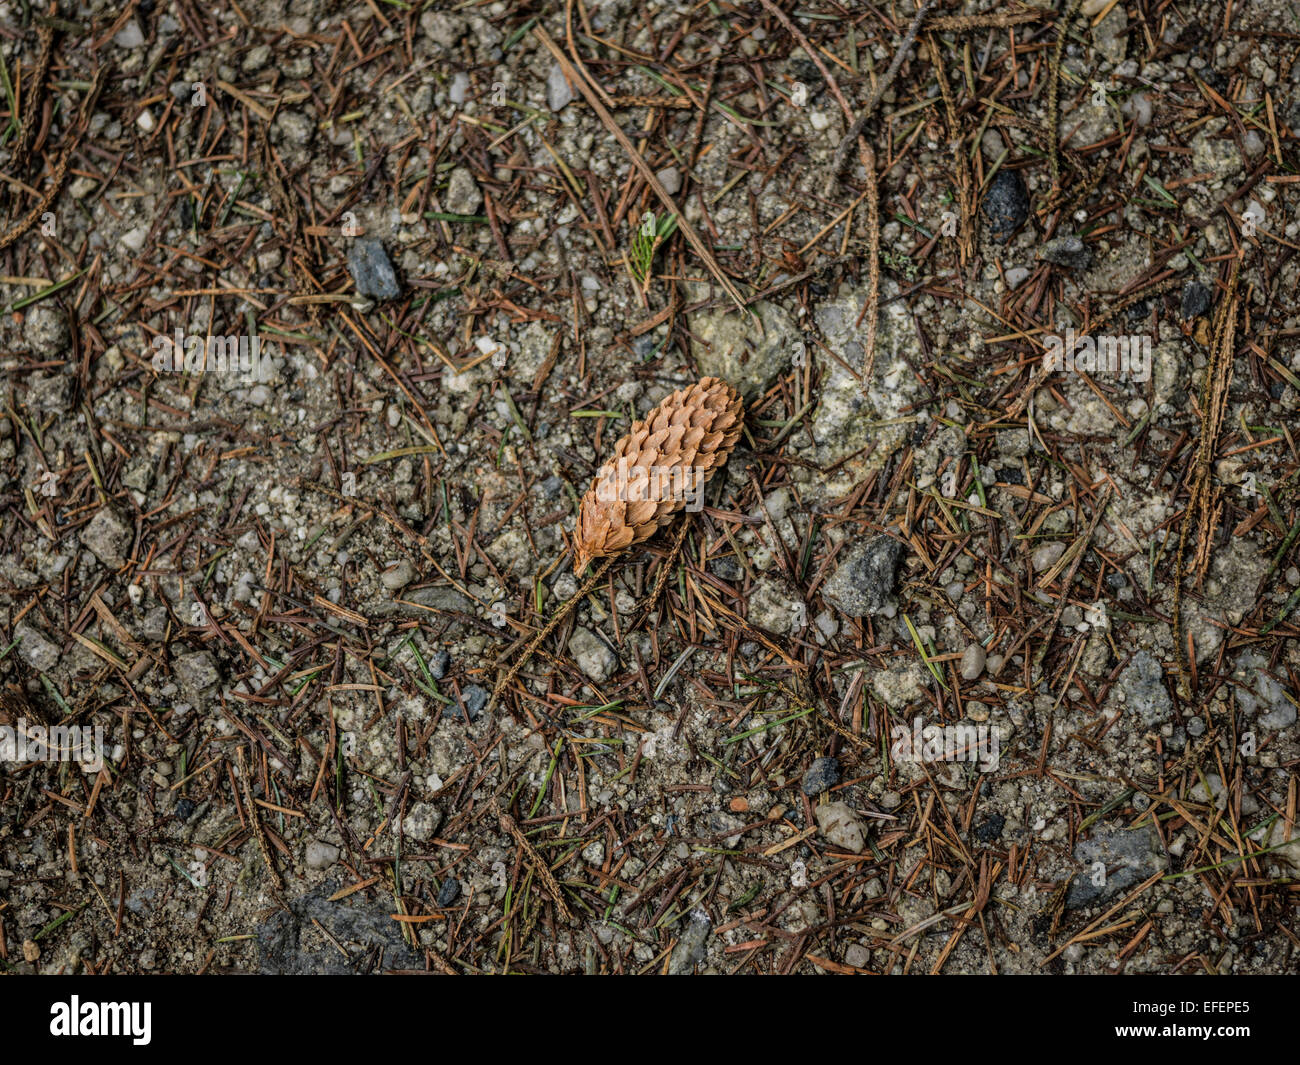 A pine cone. Stock Photo
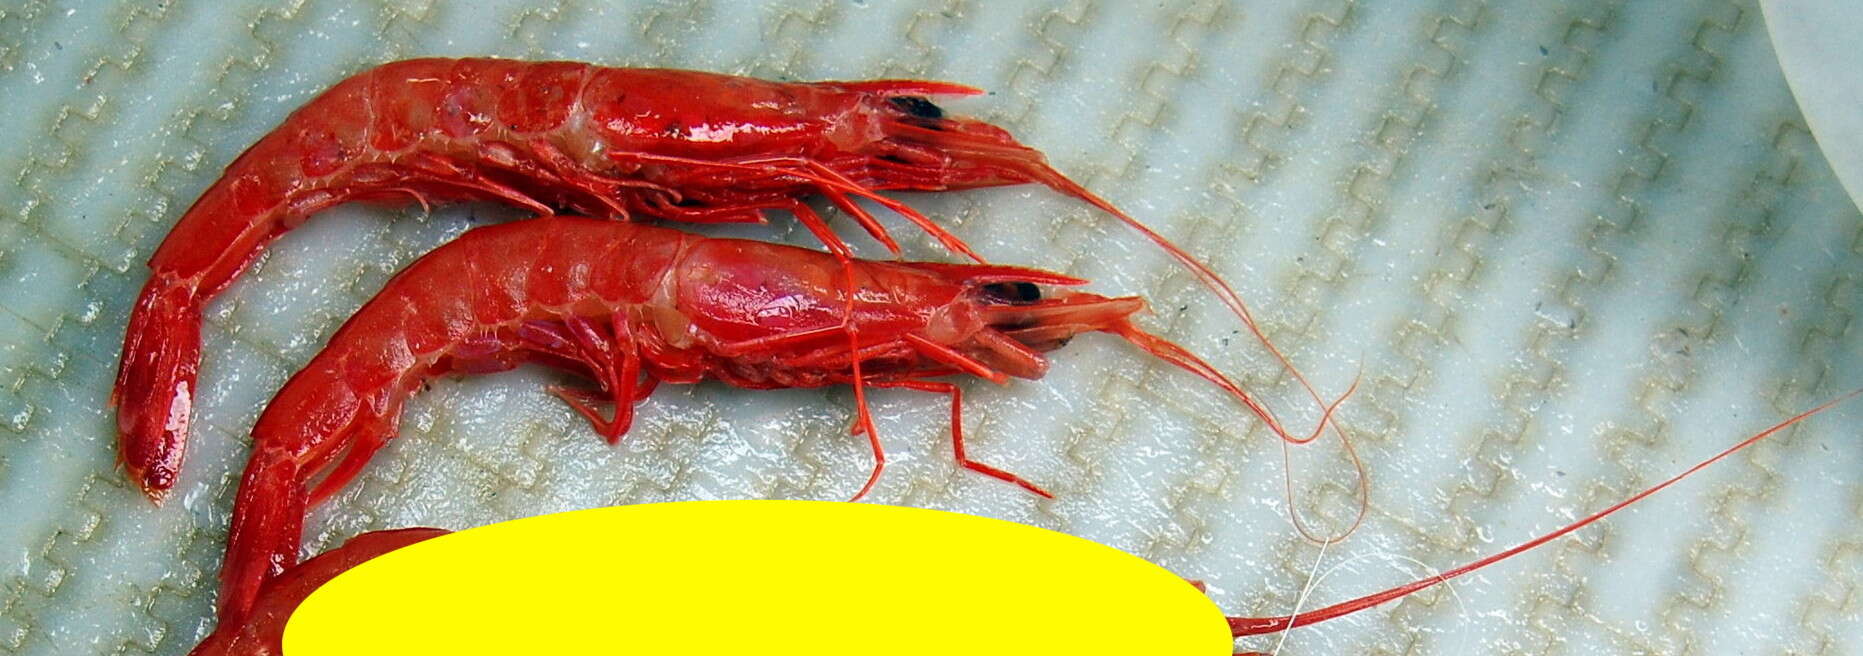 Image of royal red prawn
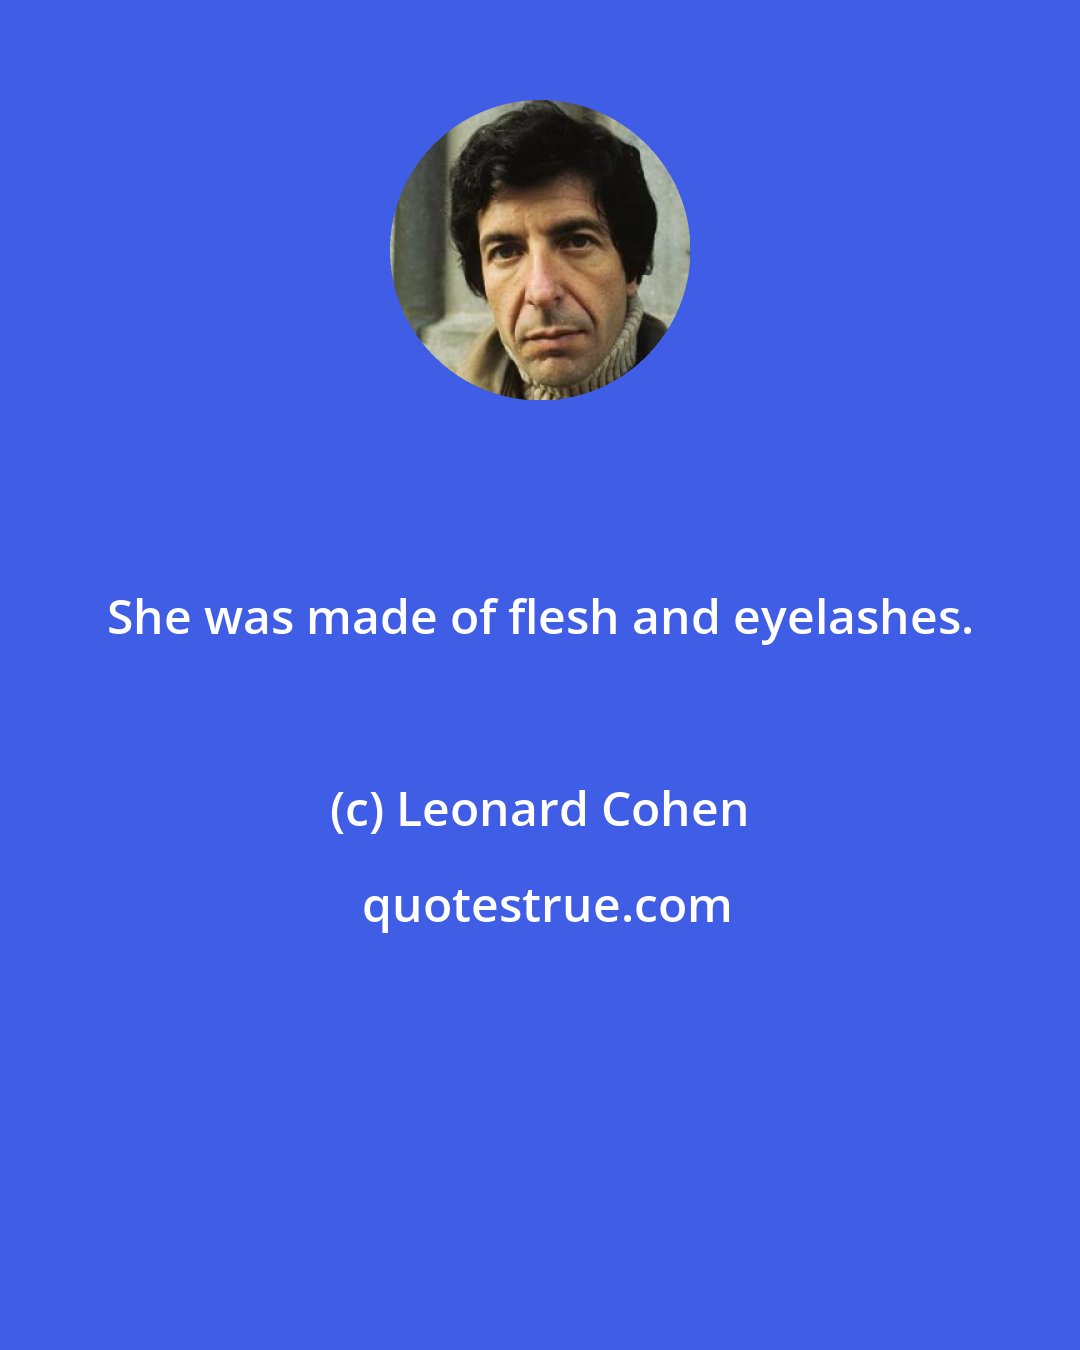 Leonard Cohen: She was made of flesh and eyelashes.
§
### Exercise brief
Everything in the material above should be reproduced exactly, except the pictures.

### Solution below
 A pine cone. Stock Photo
 Image of royal red prawn
 Leonard Cohen: She was made of flesh and eyelashes.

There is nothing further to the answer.